● **PROMPT**: Below are some entries. Transcribe the lines from the one holding "2008 honda civic" to the one holding "WhatsApp Image 2023", inclusive, but not the pictures among them.

● **RECORD EXCERPTS**:
-- Opening Marker --
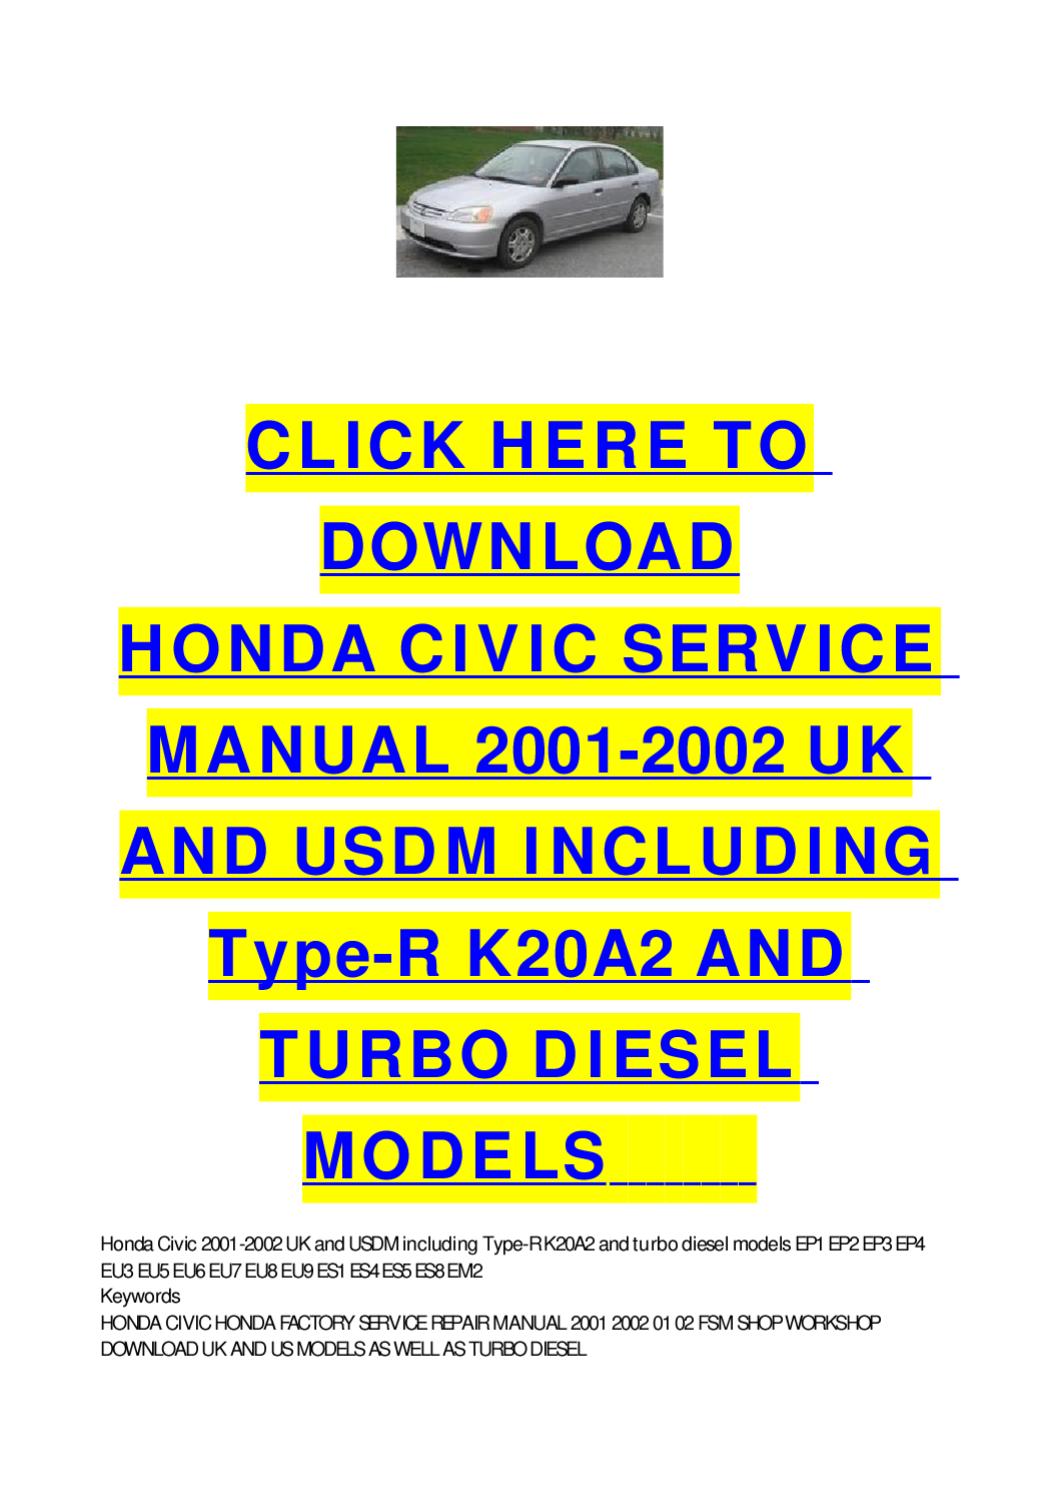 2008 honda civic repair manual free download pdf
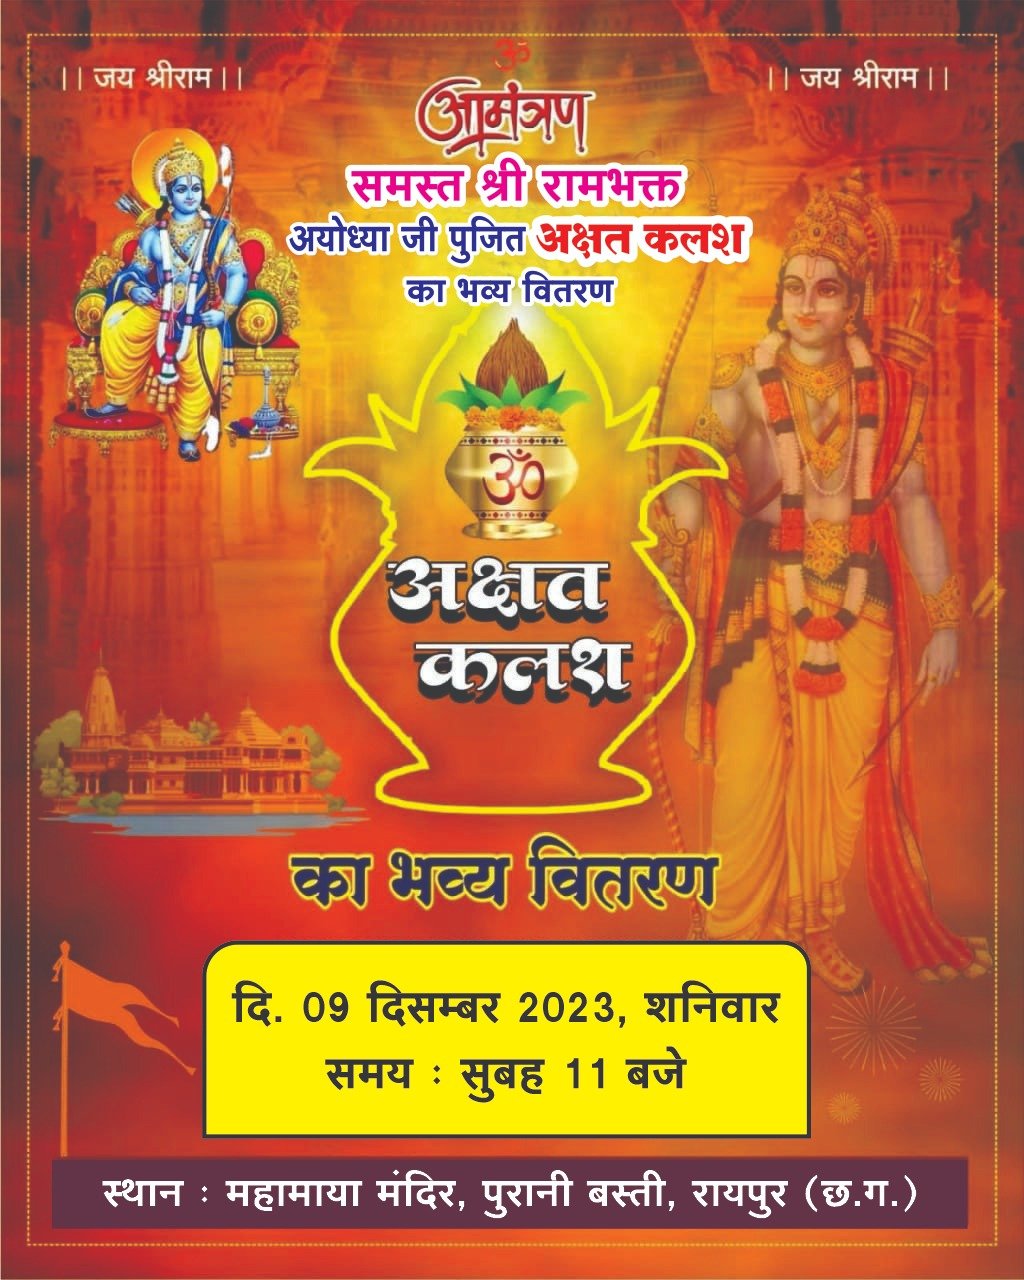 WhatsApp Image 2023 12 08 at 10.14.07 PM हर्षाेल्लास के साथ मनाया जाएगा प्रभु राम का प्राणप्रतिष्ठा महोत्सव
-- Closing Marker --
-- Opening Marker --
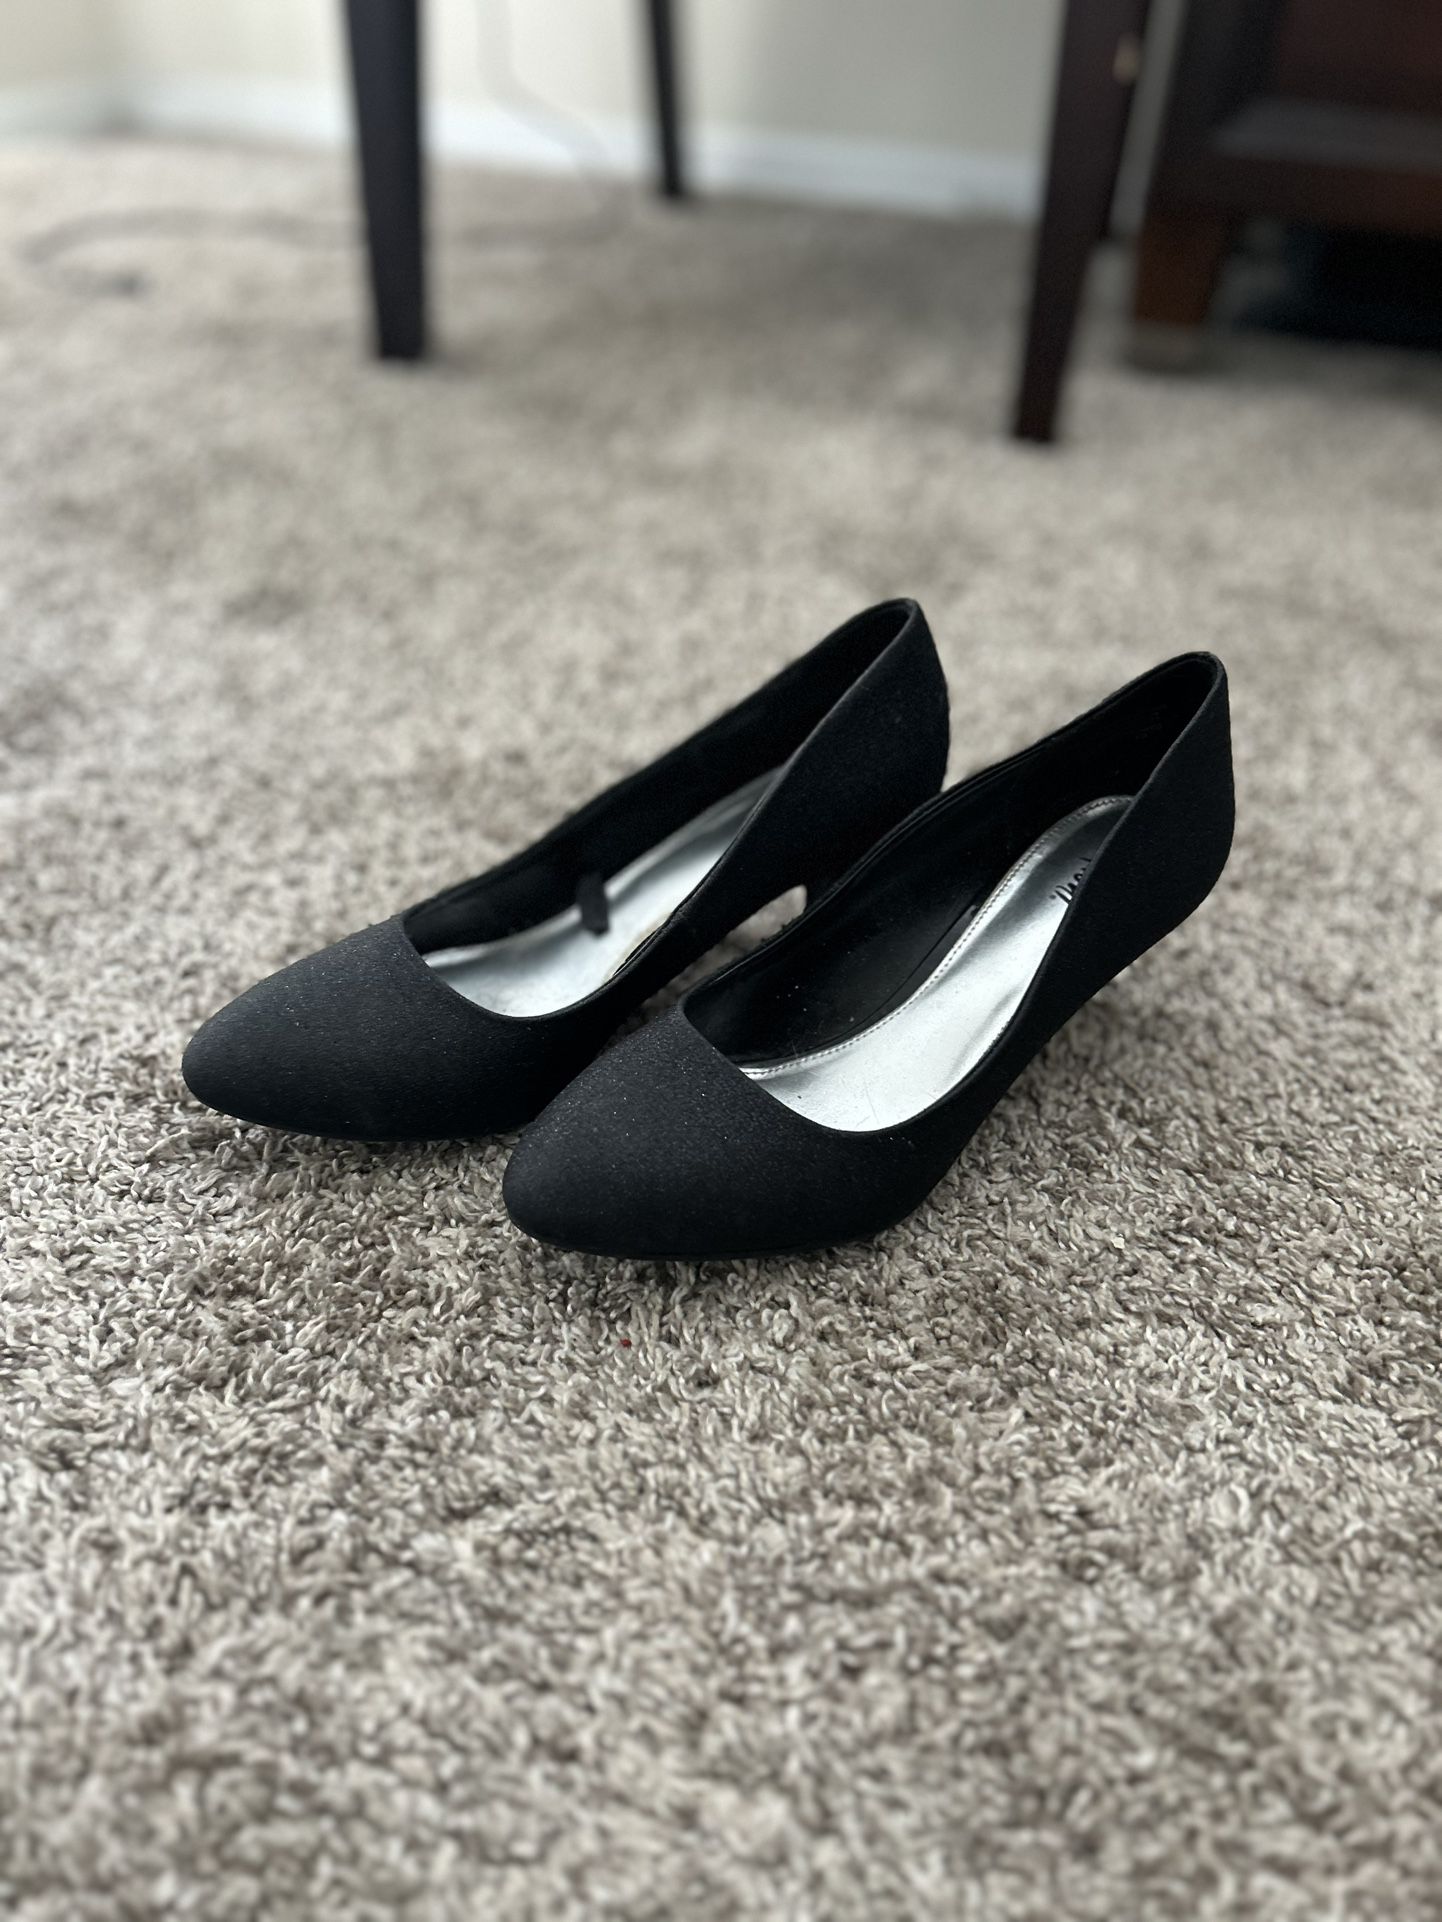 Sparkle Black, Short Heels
-- Closing Marker --
● **RESULT FOR THIS TASK**:
 2008 honda civic repair manual free download pdf
 WhatsApp Image 2023 12 08 at 10.14.07 PM हर्षाेल्लास के साथ मनाया जाएगा प्रभु राम का प्राणप्रतिष्ठा महोत्सव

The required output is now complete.